Ух, как мы господ промеж себя чихвостили, которые к нам в ресторан ходили. Да ведь и то, правду сказать, господа думают, что мы – вроде манекенов, ничего не видим, не слышим и не понимаем. А от нас ничто не скроется. И кто на чужой счет выпить любит, и кто деньги тайком от товарищей в узелок платка завязывает или потихоньку в башмак опустит, и что один про другого говорят в отсутствие. А уж если дама в кабинет пришла сначала с одним мужчиной, а потом с другим, то, будьте покойны, мы отлично разберем, который муж и который так. И не было у нас для них других слов, как сволочь, шантрапа и прохвост.

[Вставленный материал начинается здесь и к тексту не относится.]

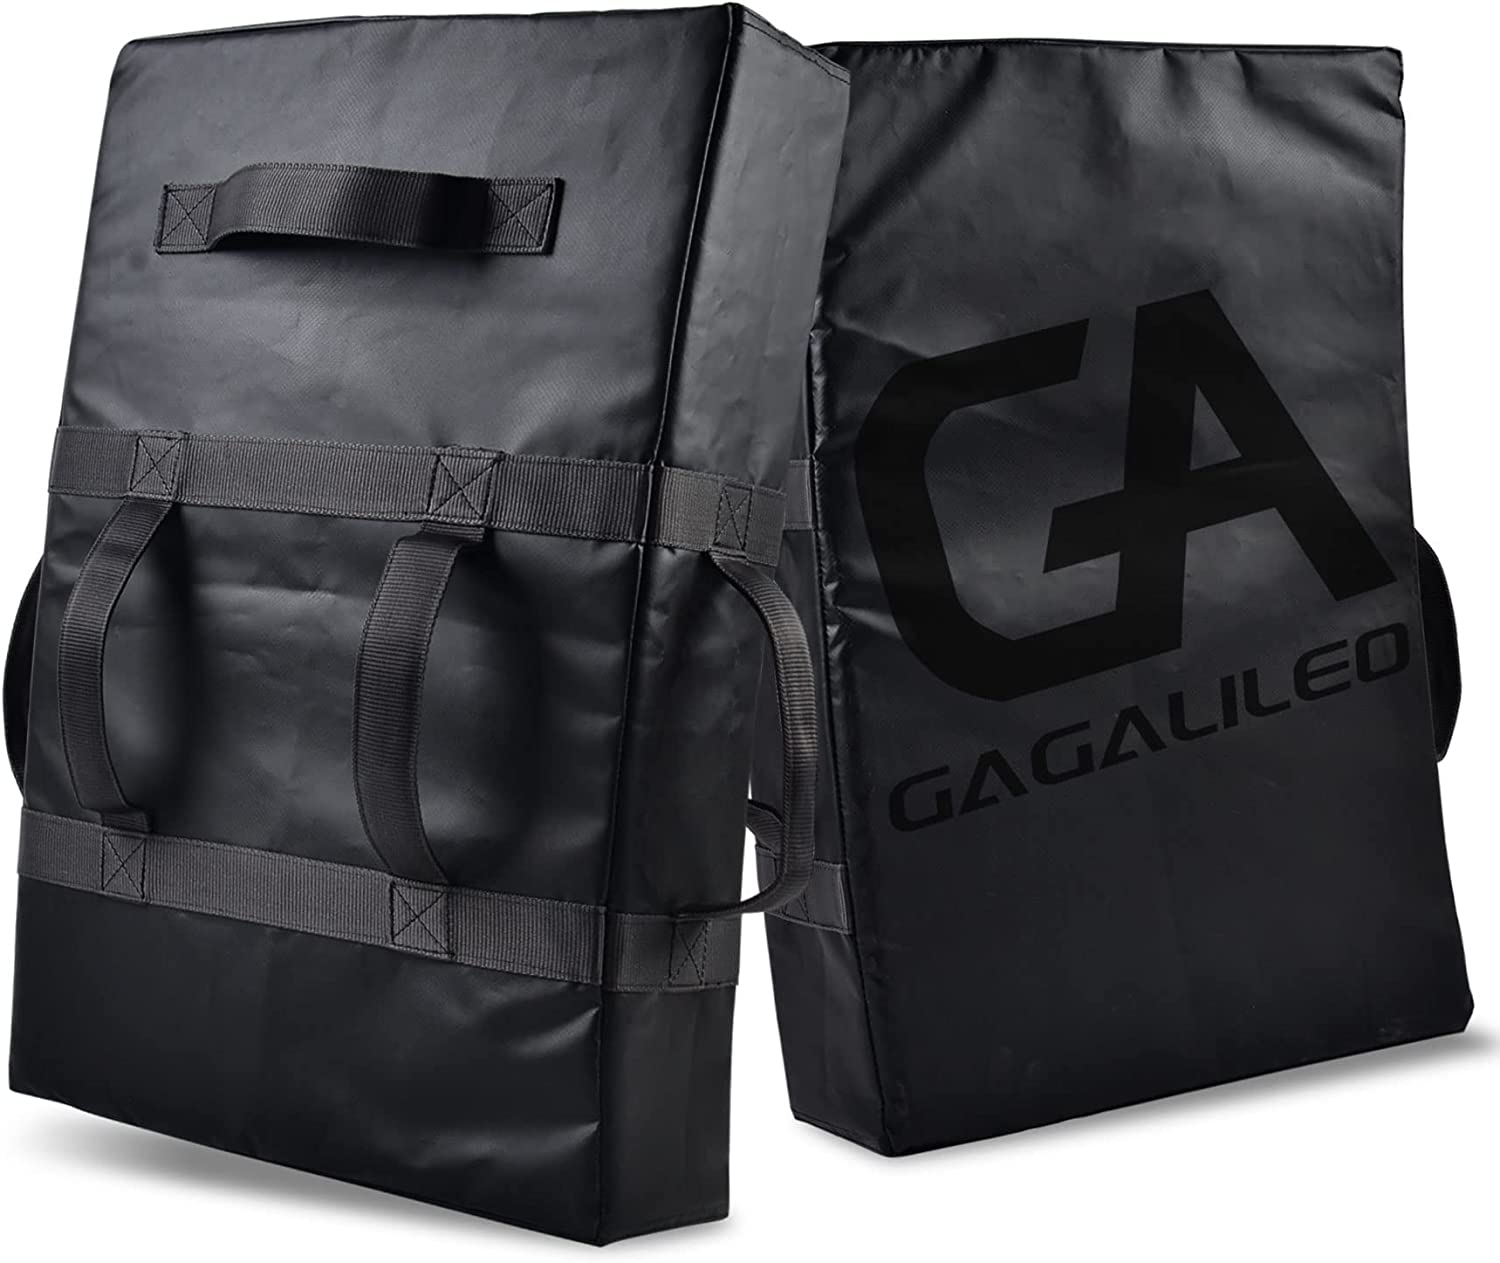 Coussinet de blocage Gagalileo 24x16 pouces/cuir synthétique durable

Еще у нас был любимый разговор о хозяевах гостиницы: как кто из них пошел в гору. Вот где я узнал настоящие «Тайны мадридского двора»! Что ни имя – то преступление: грабеж, убийство или еще хуже.

Не угодно ли, вот вам коллекция. Ищенко: отель «Берлин», первоклассная гостиница, в ресторане по вечерам играют румыны, двадцать тысяч чистого дохода. И сейчас же историческая справка: служил швейцаром в публичном доме, через три года открыл темный кабачок, через пять – «Берлин», теперь держит своих рысаков на бегах. Замечательно, что именно в том доме, где он был швейцаром, видели в последний раз помещика Оноприенко, который – может быть, помните? – исчез бесследно. По этому поводу держали Ищенко шесть месяцев в тюрьме, но выпустили по недостатку улик.

Цыпенюк и Лещенецкий. Один держит буфеты на пароходах, другой – гостиницу «Варшава». У обоих собственные дома. Цыпенюк – гласный. У Лещенецкого – содержанка венская этуаль. А раньше оба служили коридорными в «Киеве». При них один купец из Москвы скоропостижно скончался в номере и как будто не по собственному почину. Цыпенюка схватили, – царапины у него оказались на руках и на лбу, – мариновали в остроге полтора года, но ничего не могли с ним поделать: уперся, как бык. Тоже выпустили.

Теперь – Казимир Хржановский. Сад «Тиволи» с кафешантаном. Ездит на автомобиле. Занимался сводничеством; трех своих сестер пустил в оборот, каждую по пятнадцатому году, чем и положил основание дальнейшей карьере. Нагурский был на содержании у шестидесятилетней старухи. Малиевич – меблированный дом на Большой Дворянской, триста номеров – то же самое, только еще хуже, стыдно говорить, И так далее. Словом, все «Уложение о наказаниях» в лицах. Да и вообще, должен заметить, что я в эти рассказы о мужичках-простачках, которые приходят в столицу с лаптями за спиной, а умирают в тридцати миллионах, – я в эти рассказы плохо верю. В фундаменте таких внезапных богатств лежит всегда мошенничество, если не кровь.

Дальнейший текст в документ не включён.